Anand Giridharadas, a Brooklyn-based writer and MSNBC analyst, saw a broader truth: “Working-class white people may claim to be against identity politics, but they actually crave identity politics.” They want to be “seen and witnessed” in the same way that women and people of color do. With its glimpses of Maxwell House coffee and kitchen towels stitched with football logos, the show made an effort to pay respect to the details “of a certain demographic’s life.”
This is the problem I have with most news organizations……there are a couple of “fake” experts that give a fake look to several very serious subjects.
Plus there have been terrible comparisons that are nothing more than a variation of “fake news”……

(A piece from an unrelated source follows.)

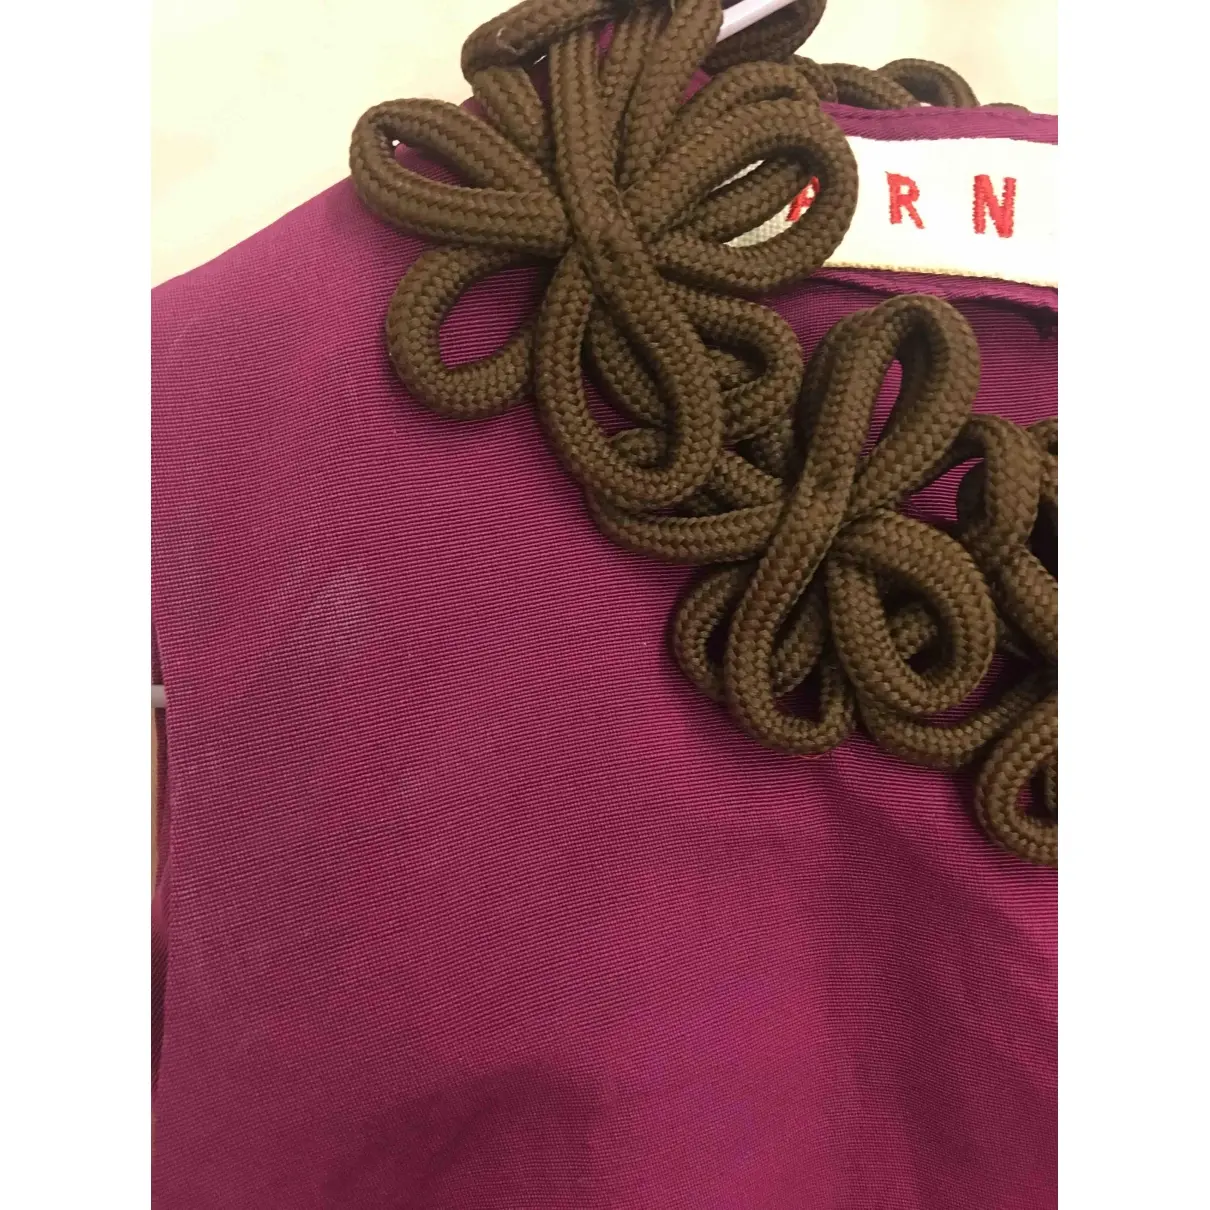 Buy Marni Wool blouse online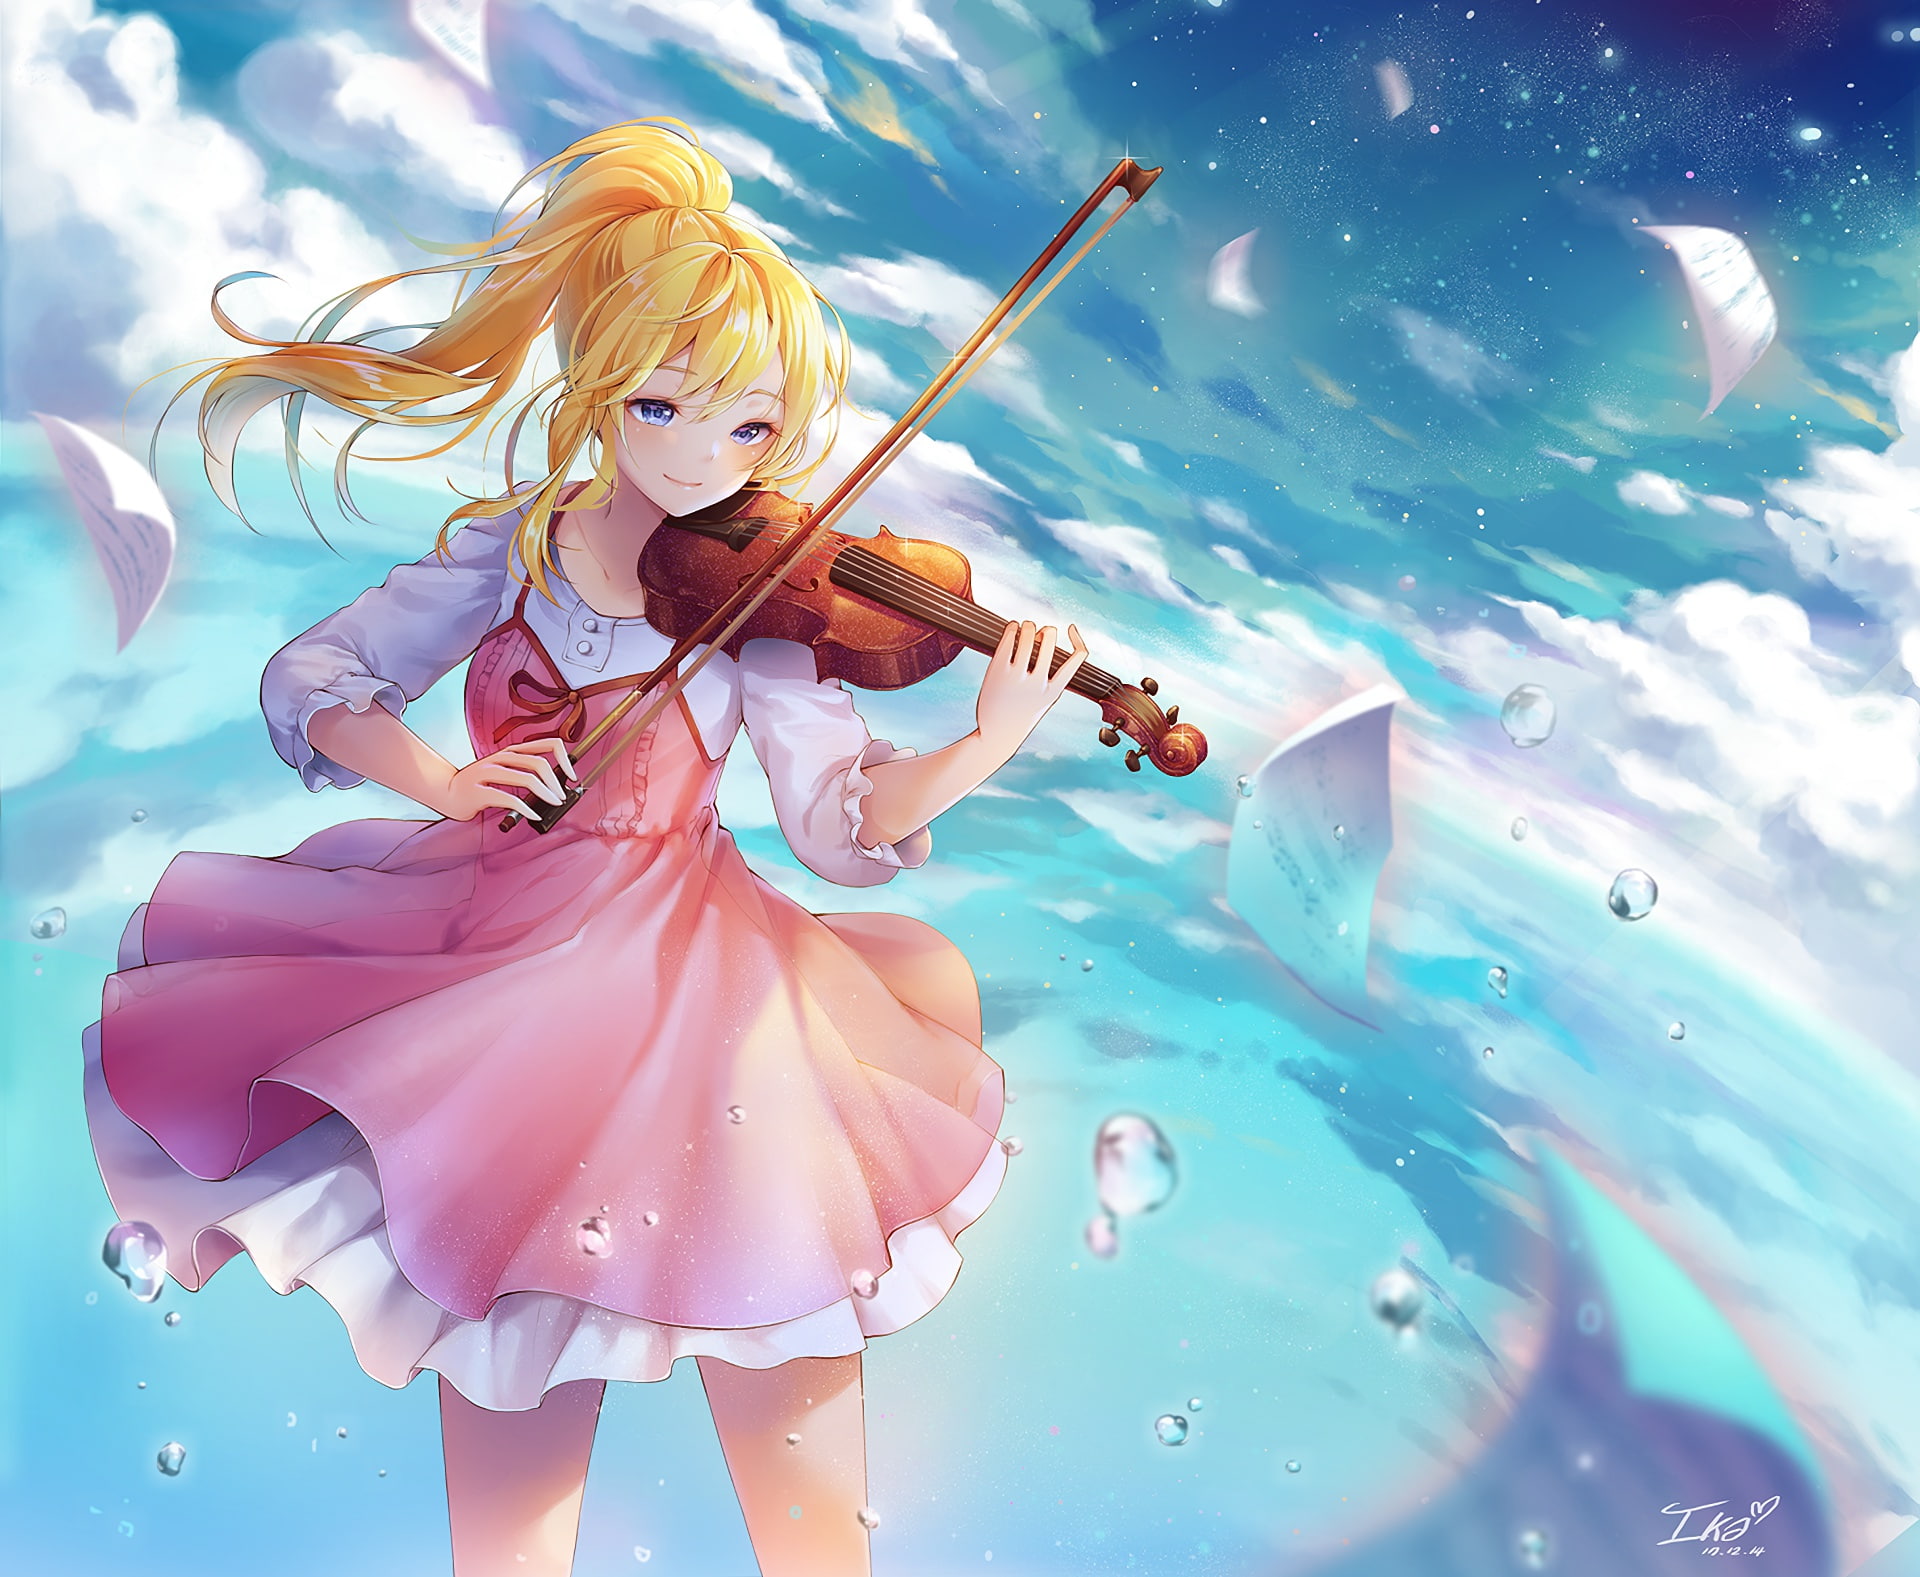 Playing Violin | page 21 of 49 - Zerochan Anime Image Board

After the justified uproar over pro-Trump Sinclair Broadcast Group forcing its scores of affiliates to humiliate themselves by reading an on-air script condemning “misleading” news, one would think other media outlets would be a little more careful not to mimic such behavior. Nonetheless, MSNBC—which rightfully tore into Sinclair Broadcast (4/2/18) for having its news reporters read off a corporate script—did a toned-down version of the same thing last Friday on Morning Joe (4/20/18).
Comcast corporate forced its nominally independent pundits and news anchors of Morning Joe to air a cultish 8-minute commercial for Comcast’s “Comcast Cares Day,” the lowlight of which was MSNBC host Al Sharpton comparing Comcast to Nelson Mandela:
“This is, I think, the way we can bring the world to where Mandela wanted us, where corporations don’t become expansive and influential just for personal wealth, but for a purpose, so that we have the ability to do good.”
http://theantimedia.com/comcast-msnbc-nelson-mandela/
It is no secret that I have been a staunch critic of the corporate media……where news is just propaganda.